First of all, we need to determine how much leverage the broker provides us with. Some brokers provide leverage as high as 500:1, so we assume that the leverage ratio we trade is 500:1. This means that our own funds of 200 US dollars can leverage 100,000 US dollars of funds (200*500=100,000). In currency trading, we can make a standard lot of EUR/USD orders (1 standard hand EUR/USD The contract value was exactly $100,000). After the leverage is determined, we can determine our maximum position size. Sometimes when our account funds are insufficient, the broker will ask for a margin call.
Next, we have to learn to set a stop loss. The less our principal, the smaller the stop loss distance should be. If we set the maximum risk amount (that is, the maximum loss amount) of each transaction to 50 US dollars, then the maximum stop loss distance is 5 points, because the value of one point of exchange rate fluctuation is 10 US dollars. Therefore, the larger the stop loss distance you set, the greater the risk limit of each order, and the greater the threat to your principal.
The next thing to look at is win and loss ratios. Assuming that the winning rate is 60%, 6 out of every 10 transactions are profitable (there is historical data to support this point of view, not a number assumed at random). If you lose $50 per order, then lose six times in a row, which is $300, then your account is basically lost, so you have to reduce your risk limit a little. Assuming a risk limit of $20 per trade (10% of the account funds), we have enough risk tolerance for six or seven consecutive losses.
Now, I choose to risk $20 per trade, and we won't change our position size until the account doubles. When the account fund grows to $400, you can increase the risk limit of each order to $40, when the account increases to $800, you can set the risk limit to $80, and so on.

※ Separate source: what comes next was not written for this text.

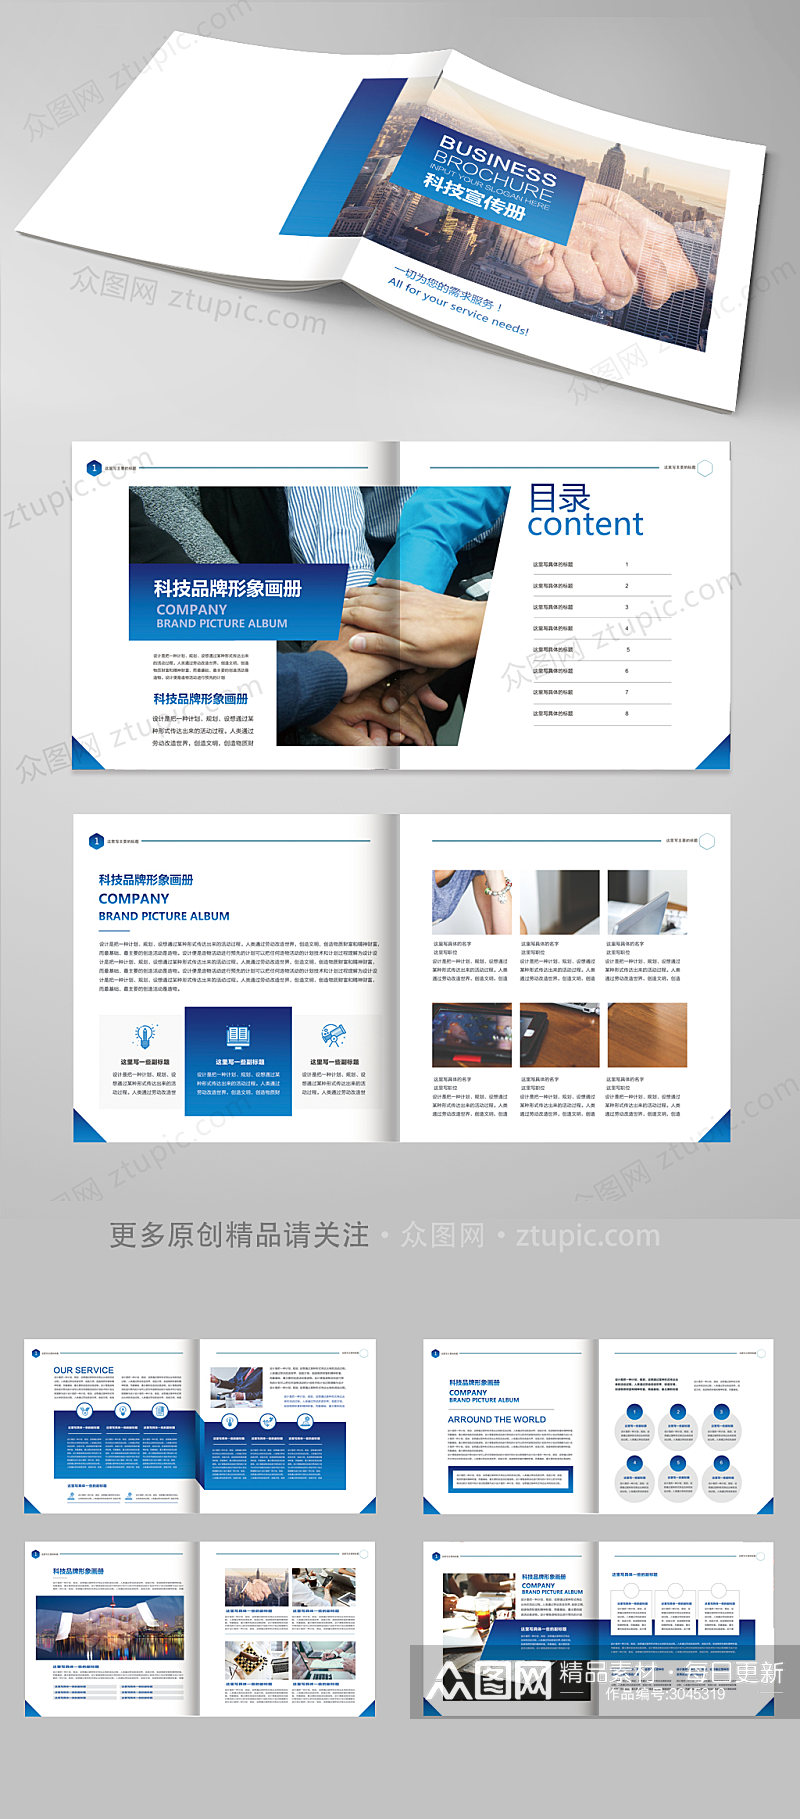 蓝色企业科技画册宣传册素材

Or you can take a more conservative approach and withdraw $200 when the account doubles to $400, withdraw $400 when the account doubles to $800, and so on. After using this method to withdraw cash twice, it can play a role in protecting funds, and you will never worry about bankruptcy.
Looking back at the beginning, the winning rate was set at 60%, the risk-benefit ratio was set at 1:1.2, 10 transactions per week, and a monthly net profit of 12.8 units, which means that the account would double every Thursday times. Of course, you may also lose money, but once you master the correct method and control the risk, you will naturally make a lot of money. Because your principal is too small, you have to adopt aggressive fund management strategies, but at the same time, the risk will also increase, and you are likely to lose your position. But if you catch a good profit opportunity, then you can make a lot of money. After all, you only lose $200. This will not directly affect your life security for you. You don’t need Risk your life savings.
It is very important to understand that this aggressive trading strategy is not a long-term solution, it just helps you more likely to achieve your wealth goals. You should also properly control the risk, don't feel that losing $200 is like losing everything, it's no big deal. Our emotional capital is as important as money, so learn to preserve your emotional capital.